- Born: 16 February 1877 Lampeter
- Died: 17 October 1964 (aged 87)

= Watcyn Samuel Jones =

Welsh agricultural administrator (1877–1964)

Watcyn Samuel Jones (16 February 1877 – 17 October 1964) was a prominent Welsh agricultural administrator and principal of a theological college.

== Education ==
Jones was born in Lampeter to Rees Cribin Jones, a Unitarian church minister, and Mari Jones, his wife. He was the only survivor of four born children. He attended Lampeter school for a short time between 1890 and 1892. and Rev. David Evans' school at Cribyn between 1892 and 1894. He also briefly attended Llanybydder Grammar school, before he was enrolled into the Presbyterian College, Carmarthen toward the end of 1894. Whilst there he showed a keen interest in science and was the last student at the college to sit the science exam before studies were limited to matters of theology in 1895. He decided to withdraw from theological studies and instead decided to study a degree in art at Aberystwyth University (1895–1900). Due to his mother's illness, he postponed his studies before eventually obtaining a degree from Bangor University in 1902. He went on to study agriculture at Bangor, Aberystwyth and St John's College, Oxford and gained a reputation as an authority on the anatomy of trees. He published a standard textbook, Timbers, their structure and identification (1924). He contributed on the subject to Chambers’ Encyclopaedia in 1927.

== Career ==
In 1913 he returned to Wales to be near to his elderly father. Joining the civil service, he was appointed chief inspector of the Welsh office of the Board of Agriculture.
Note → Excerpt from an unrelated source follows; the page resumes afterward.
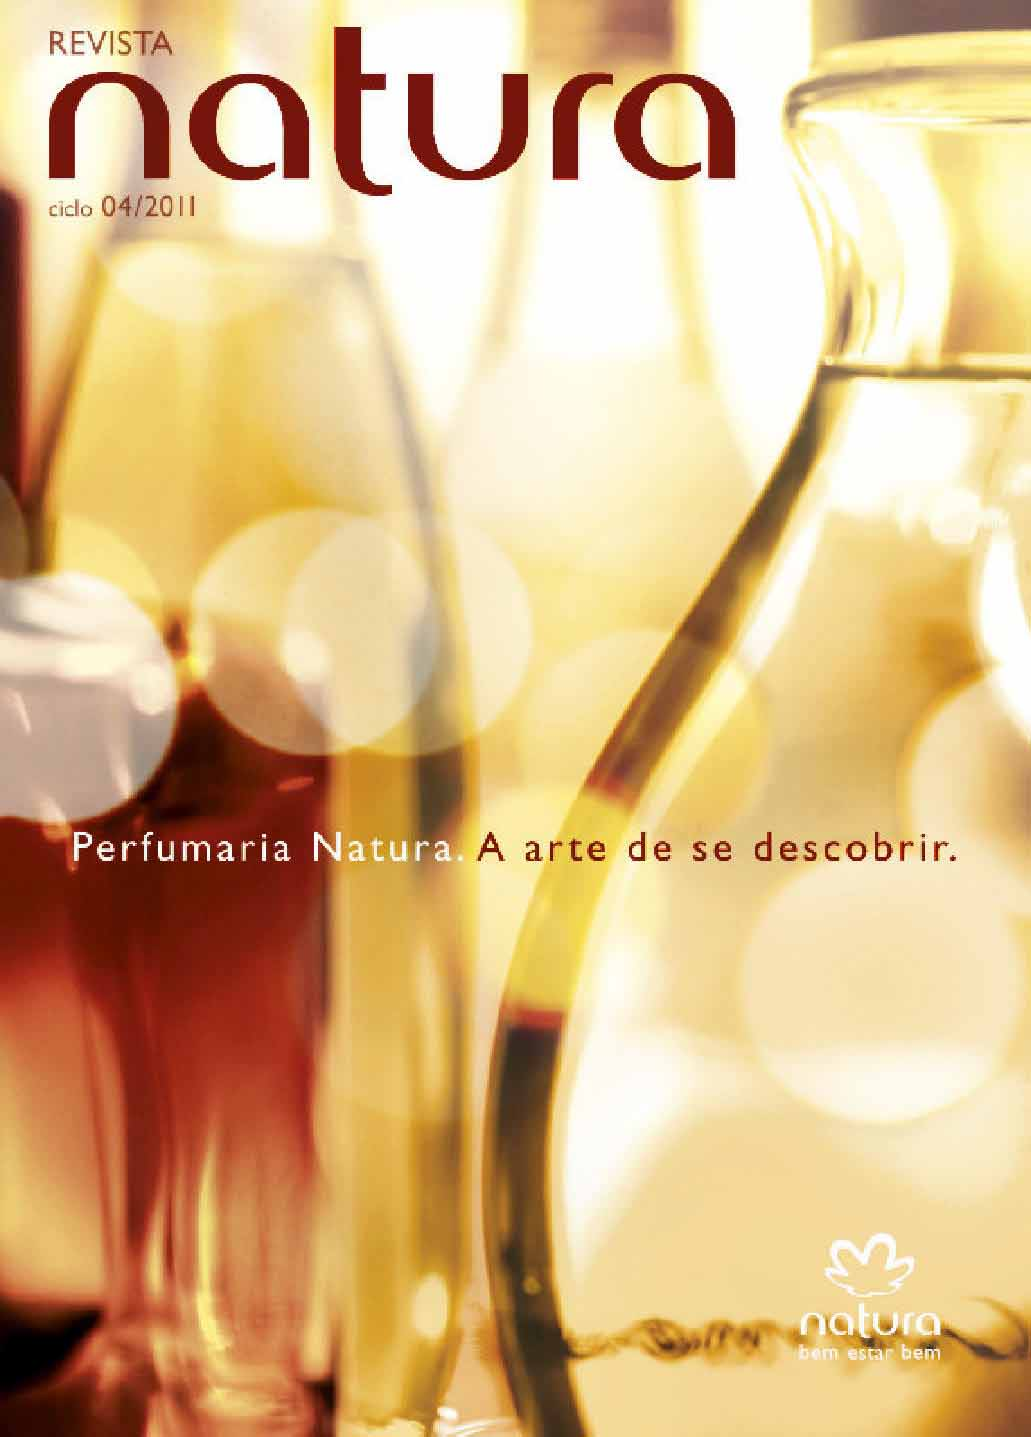 Revista Natura Ciclo 04/2011

For twenty-five years in this role, he developed agricultural education, and founded Wales' four agricultural institutions. He was presented with a M.A. degree in 1918 from his college in Oxford, and was given an M.Sc. the same year.
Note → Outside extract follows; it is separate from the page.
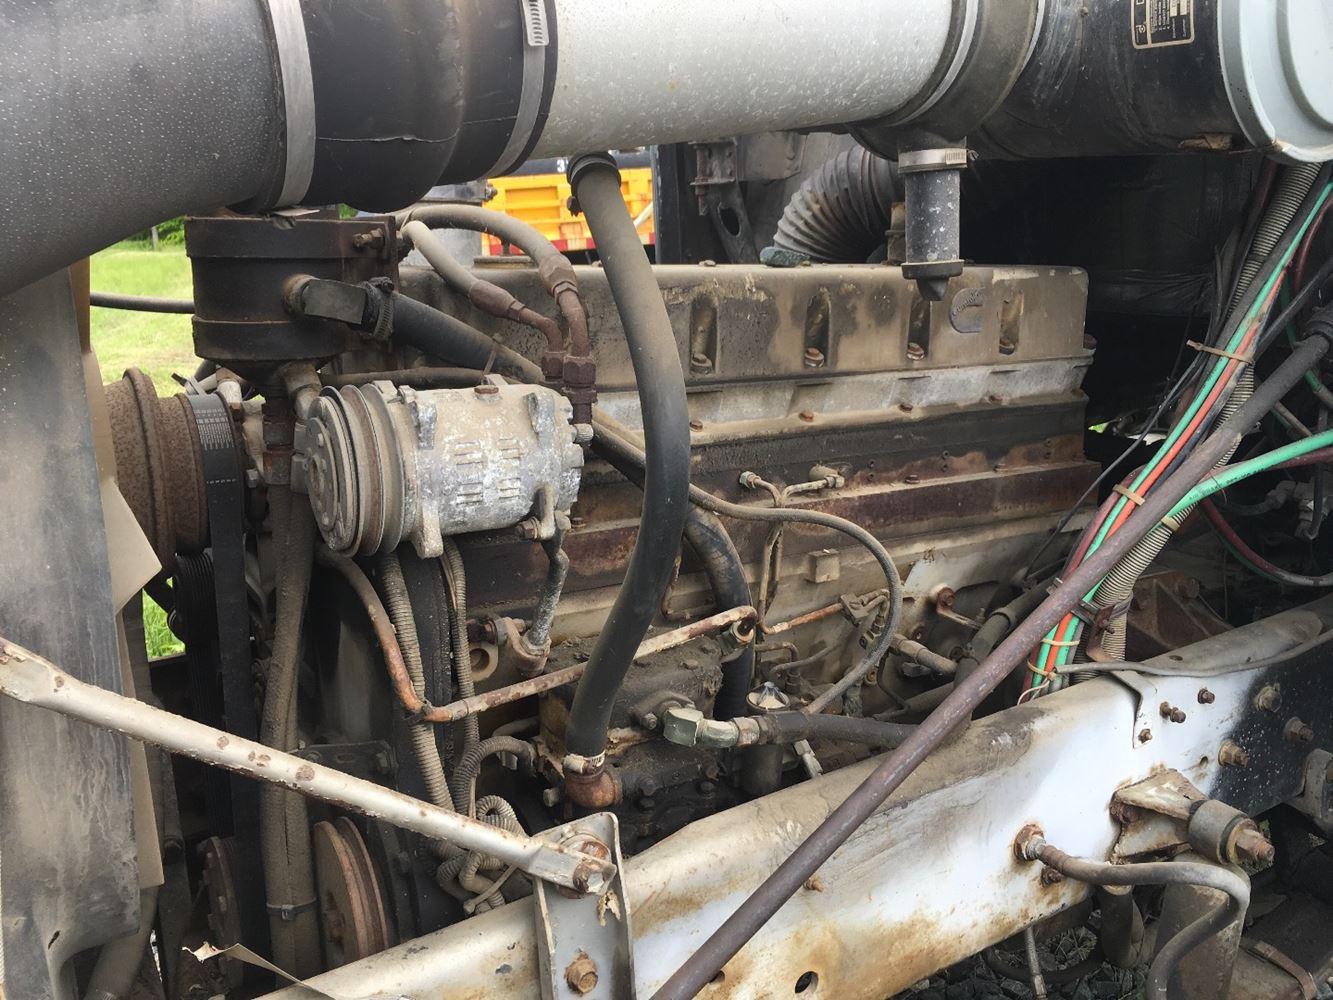 1986 CUMMINS LTA ENGINE ASSEMBLY TRUCK PARTS #679962

In 1937, aged 60, he resigned from the Ministry of Agriculture and accepted a job as the Principal of the Presbyterian College, Carmarthen. Despite his lack of religious zeal, Jones was well received at the college and made efforts to reform and expand the institution.

Watcyn and his wife retired to Llandre near Aberystwyth, and he died aged 87 on October 17, 1964.